In other cases, it has been held that whether a child assumed the risk “is peculiarly a question for the jury.” Walt Disney Productions v. Shannon, 247 Ga. 402, 404, n. 3, 276 S.E.2d 580 (1981). But if “the facts are so plain and palpable that they demand a finding by the court as a matter of law,” the trial court may grant summary judgment. Jackson v. Young, 125 Ga.App. 342, 343, 187 S.E.2d 564 (1972). That was the situation in Abee v. Stone Mtn. Mem. Assn., 252 Ga. 465, 314 S.E.2d 444 (1984) and in Riley v. Brasunas, 210 Ga.App. 865, 438 S.E.2d 113 (1993). But this case does not fall within the category of those in which the danger is so plain that a child the age of the plaintiff may be held as a matter of law to have assumed the risk. Instead, the question of whether Matthew assumed the risk must be decided by a jury.

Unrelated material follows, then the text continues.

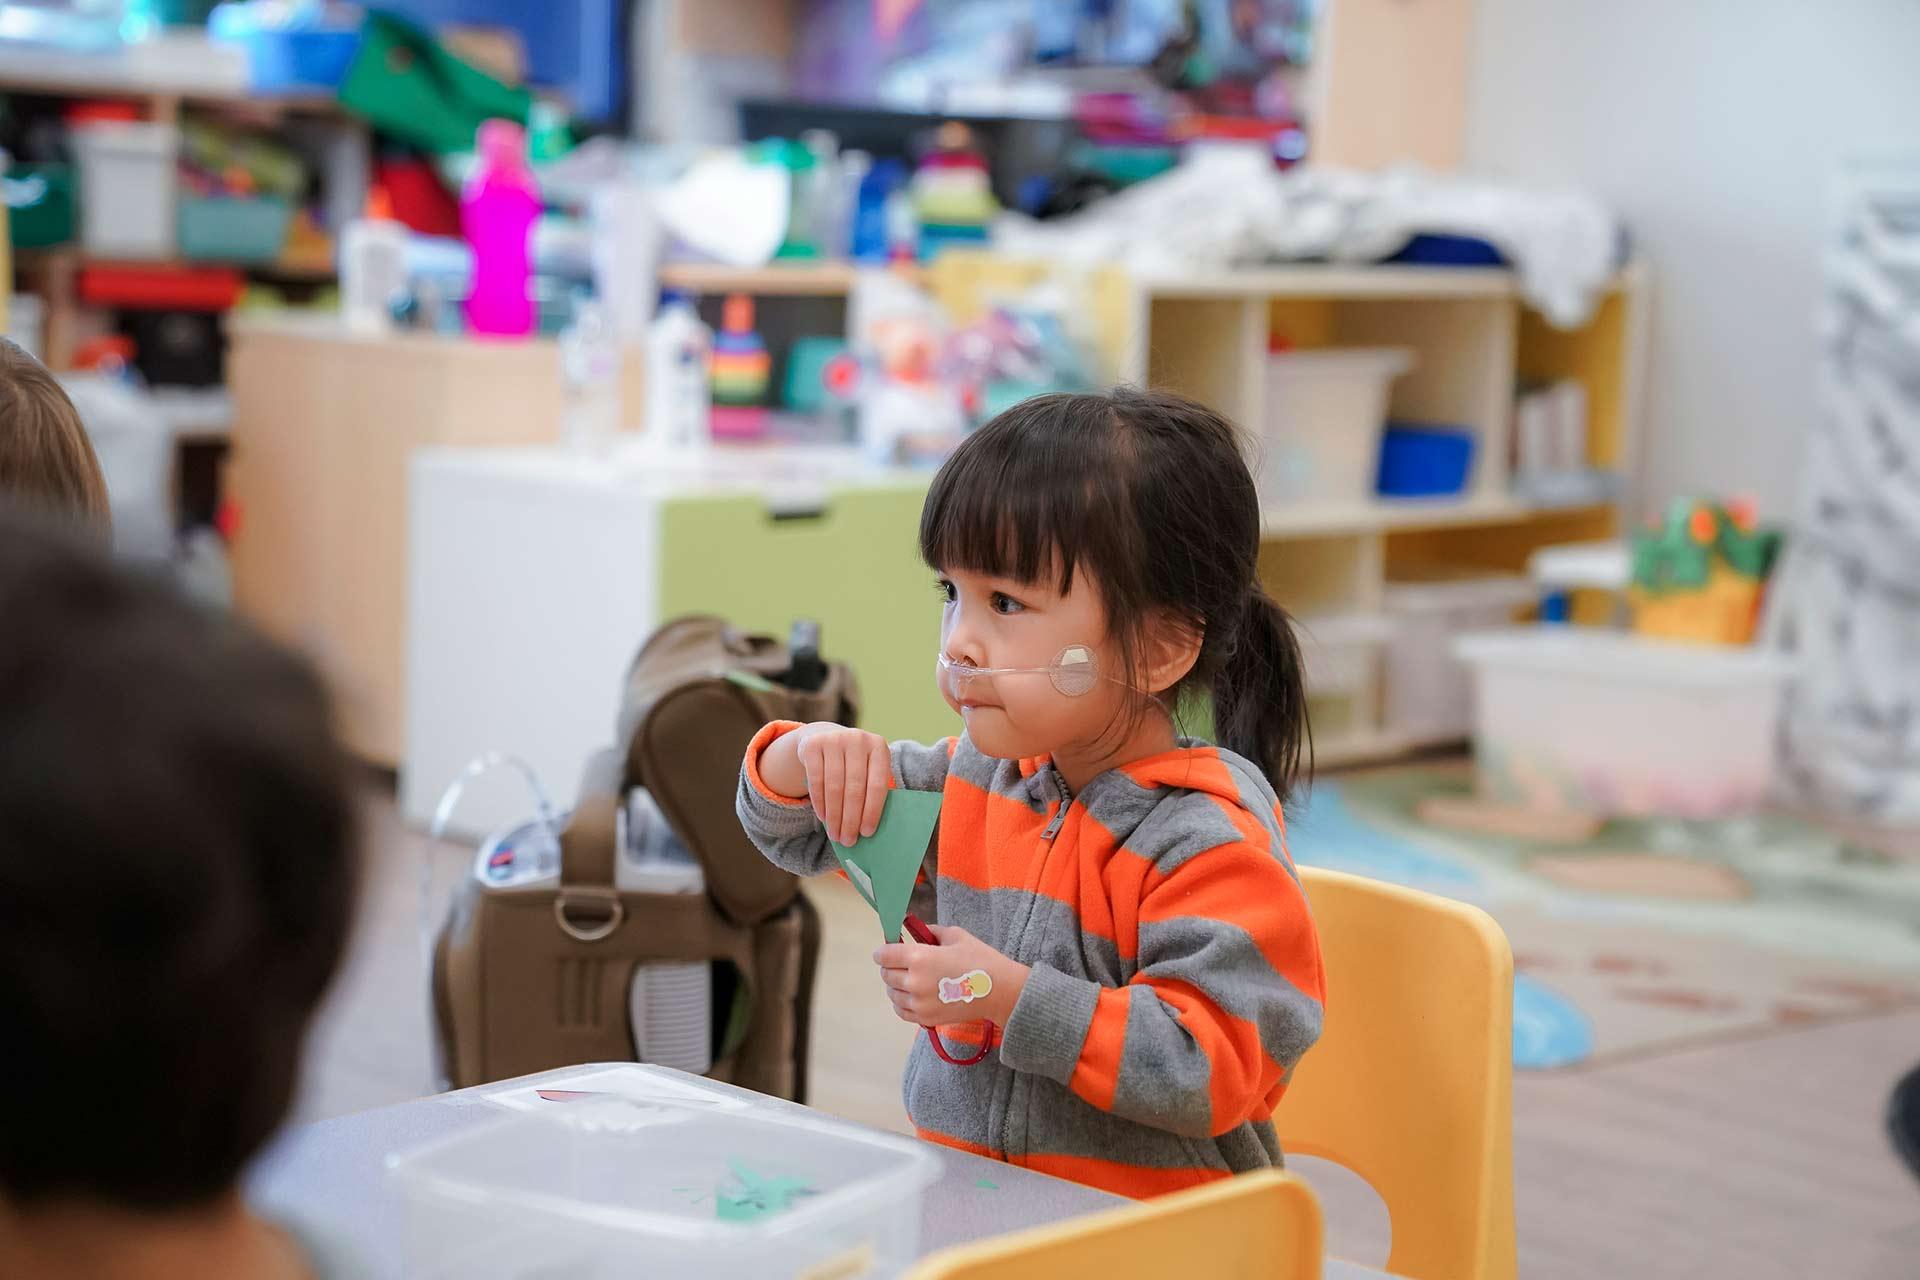 Special Needs Child Using Scissors

Here, as in Clanton v. Gwinnett County School Dist., 219 Ga.App. 343, 464 S.E.2d 918 (1995), the jury is in the best position to “size up all the particular evidence in the case and bring its collective common knowledge of children's capacities to bear in determining first, whether the child was capable of negligence in the premises and second, whether the child was negligent. [Cits.]” Id. at 344(1)(b), 464 S.E.2d 918.
Other questions remain as well. Pearson alleged negligence on the part of the center in supervising the children on the monkey bars, evidenced by the fact that Matthew had to crawl up a hill to apprise his teacher of the fact he had fallen. She also alleged that the center should not have moved Matthew after the fall, and that given his obvious appearance of being in shock, the center should have called an ambulance immediately. These issues must now be addressed at trial.
JOHNSON, P.J., and HAROLD R. BANKE, Senior Appellate Judge, concur.